**TASK OBJECTIVE**
After locating the line with "Yellow Sunn hemp" below, output it and each following line exactly, stopping after the line with "SF Air Force". No pictures.

**ENTRIES PROVIDED**
◇ ◇ ◇ ◇ ◇
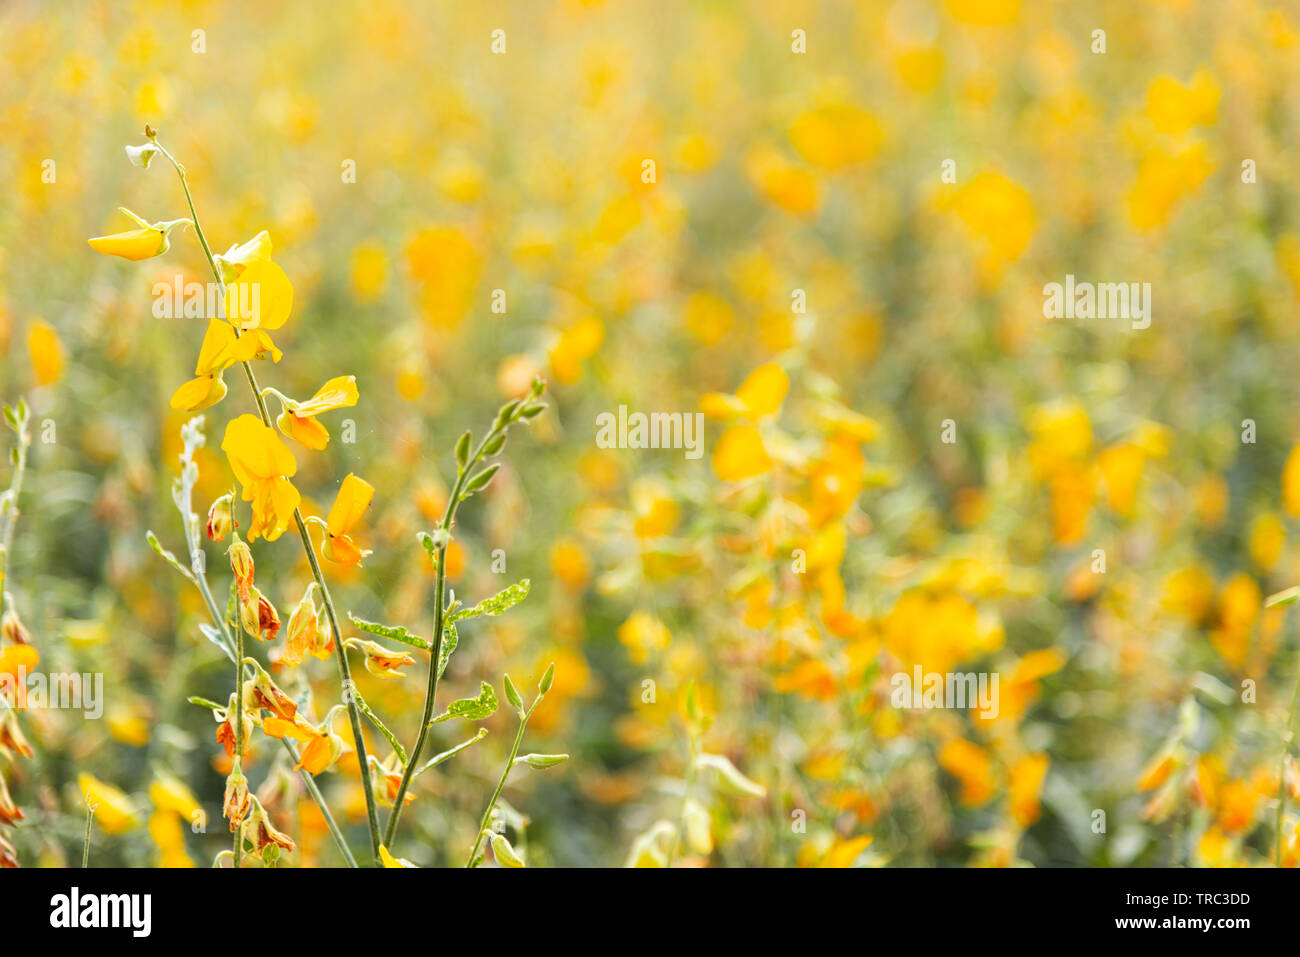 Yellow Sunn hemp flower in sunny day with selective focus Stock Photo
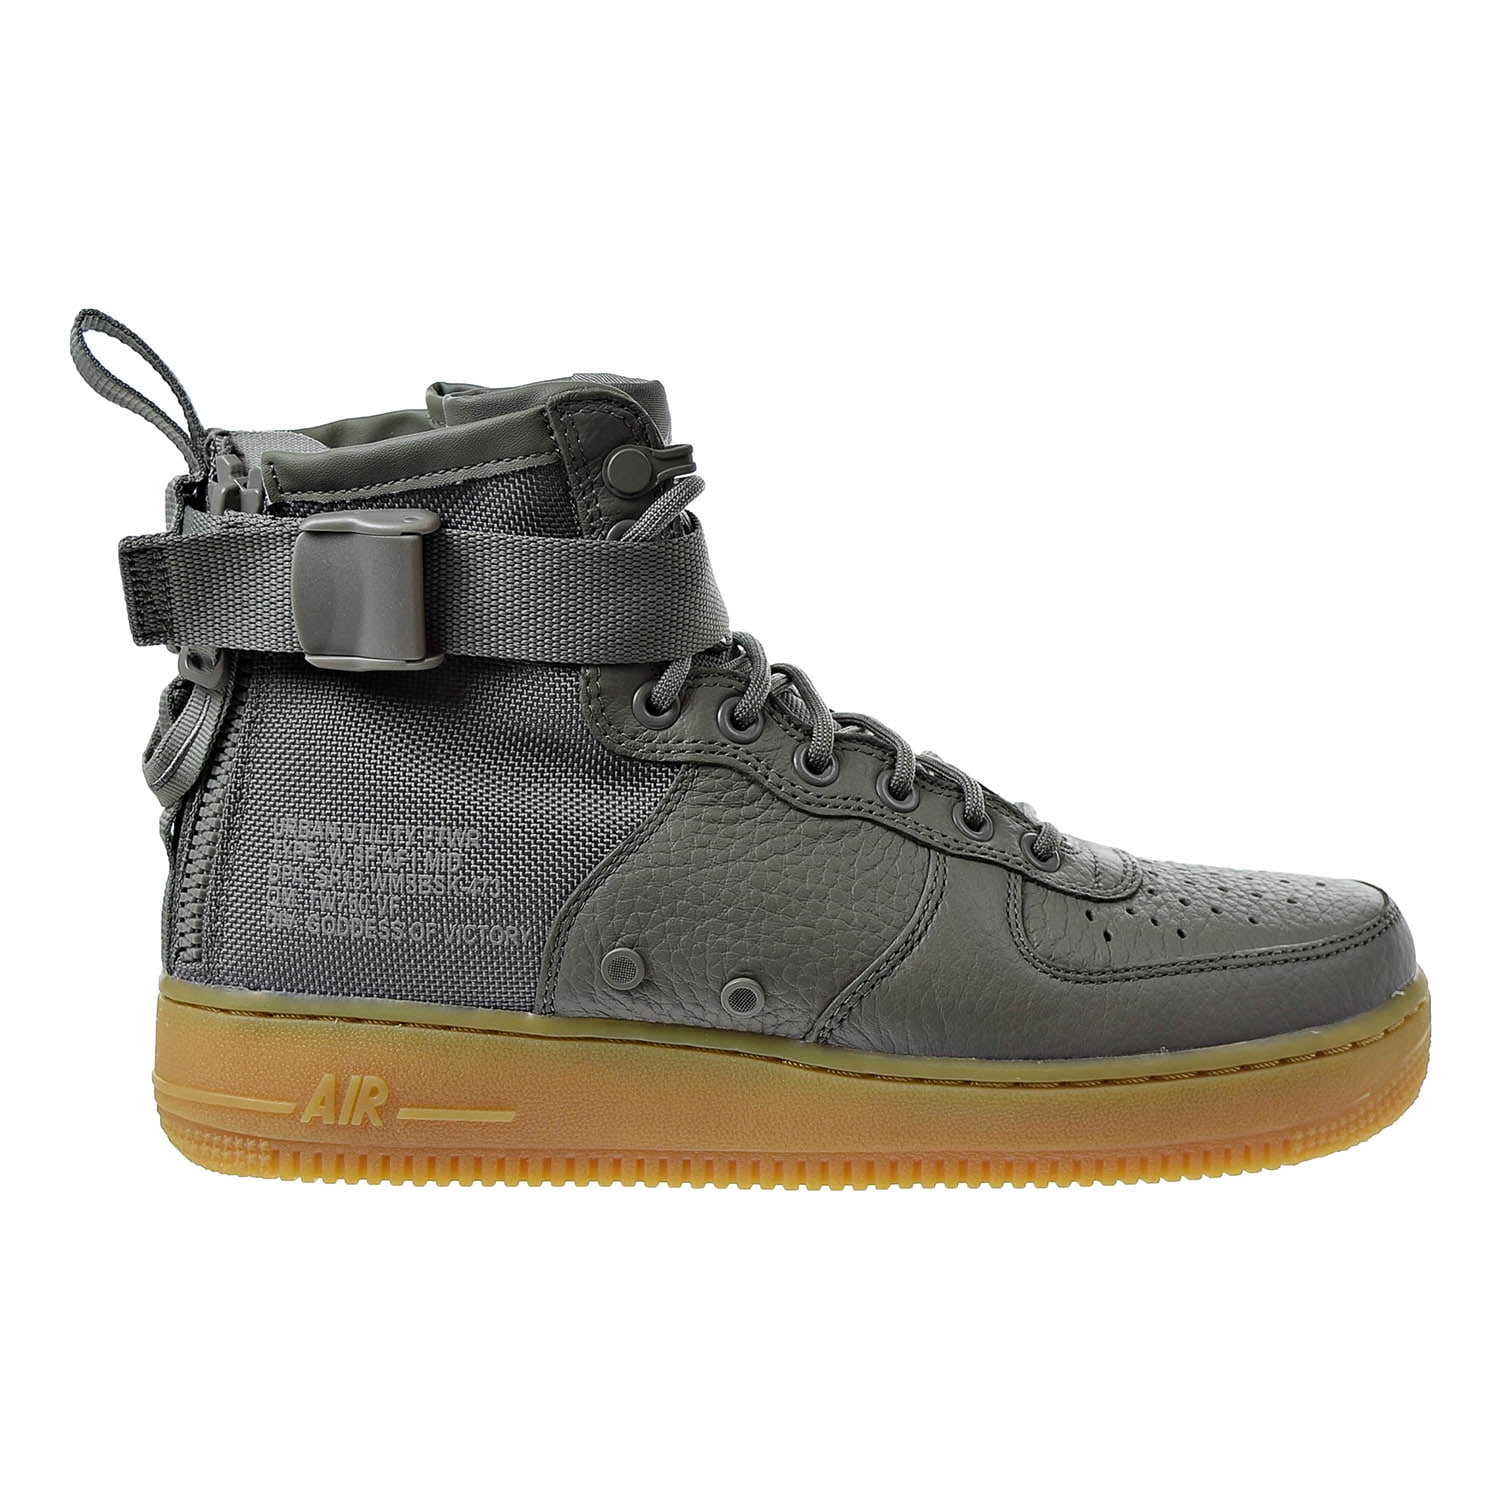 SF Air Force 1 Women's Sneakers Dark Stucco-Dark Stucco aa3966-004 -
◇ ◇ ◇ ◇ ◇
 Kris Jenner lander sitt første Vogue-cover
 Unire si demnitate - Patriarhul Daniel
◇ ◇ ◇ ◇ ◇
**ANSWER SECTION**
 Yellow Sunn hemp flower in sunny day with selective focus Stock Photo
 SF Air Force 1 Women's Sneakers Dark Stucco-Dark Stucco aa3966-004 -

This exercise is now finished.